In fact, according to recent reports, 6 Android apps that were downloaded a staggering 90 million times from the Google Play Store were found to have been loaded with the PreAMo malware, while another recent threat saw 50 malware-filled apps on the Google Play Store infect over 30 million Android devices. Surveillance malware was also loaded onto fake versions of Android apps such as Evernote, Google Play and Skype.

Considering that as of 2019, Android users were able to choose between 2.46 million apps, while Apple users have almost 1.96 million app options to select from, and that the average person has 60-90 apps installed on their phone, using around 30 of them each month and launching 9 per day – it’s easy to see how viral apps take several social media channels by storm.

“In this age where users jump onto a bandwagon because it’s fun or trendy, the Fear of Missing Out (FOMO) can overshadow basic security habits – like being vigilant on granting app permissions,” says Bethwel Opil, Enterprise Sales Manager at Kaspersky in Africa. “In fact, accordingly to a previous Kaspersky study, the majority (63%) of consumers do not read license agreements and 43% just tick all privacy permissions when they are installing new apps on their phone.

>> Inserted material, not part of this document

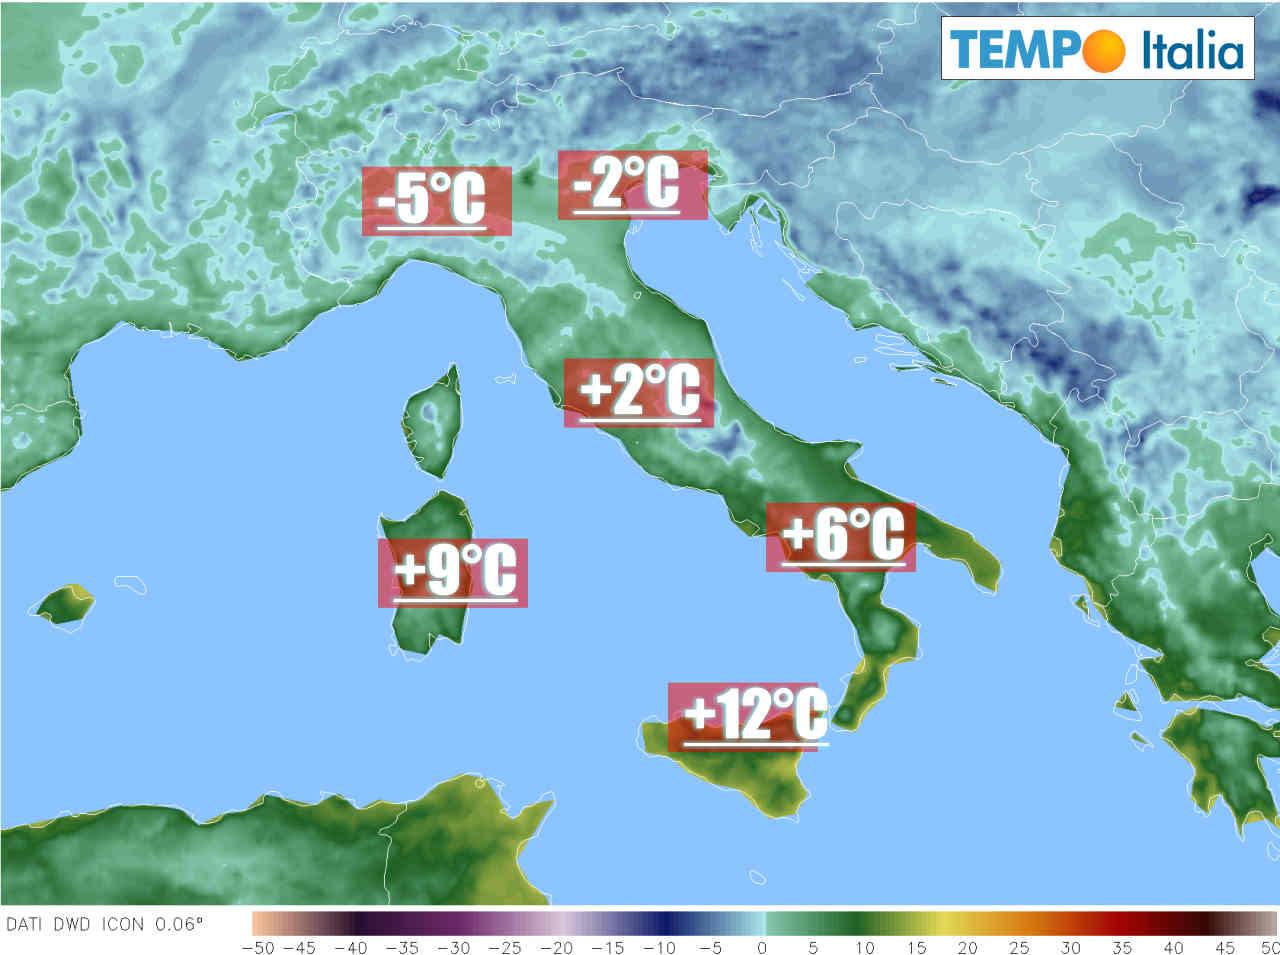 Gelate intense al Nord Italia.

And this is exactly where the danger lies – as there is certainly ‘no harm’ in joining online challenges or installing new apps.”

However, it is dangerous when users just grant these apps limitless permissions into their contacts, photos, private messages, and more. “Doing so allows the app makers possible, and even legal, access to what should remain confidential data. When this sensitive data is hacked or misused, a viral app can turn a source into a loophole which hackers can exploit to spread malicious viruses or ransomware,” adds Badenhorst. 

As such, online users should always have their thinking caps on and be more careful when it comes to the internet and their app habits including:

  • Only download apps from trusted sources. Read the reviews and ratings of the apps as well
  • Select apps you wish to install on your devices wisely
  • Read the license agreement carefully
  • Pay attention to the list of permissions your apps are requesting. Only give apps permissions they absolutely insist on, and forgo any programme that asks for more than necessary
  • Avoid simply clicking “next” during an app installation
  • For an additional security layer, be sure to have a security solution installed on your device

“While the app market shows no signs of slowing down, it is changing,” says Opil. “Consumers download the apps they love on their devices which in turn gives them access to content that is relevant and useful. The future of apps will be in real-world attribution, influenced by local content and this type of tailored in-app experience will lead consumers to share their data more willing in a trusted, premium app environment in exchange for more personalised experiences. But until then, proceed with caution.”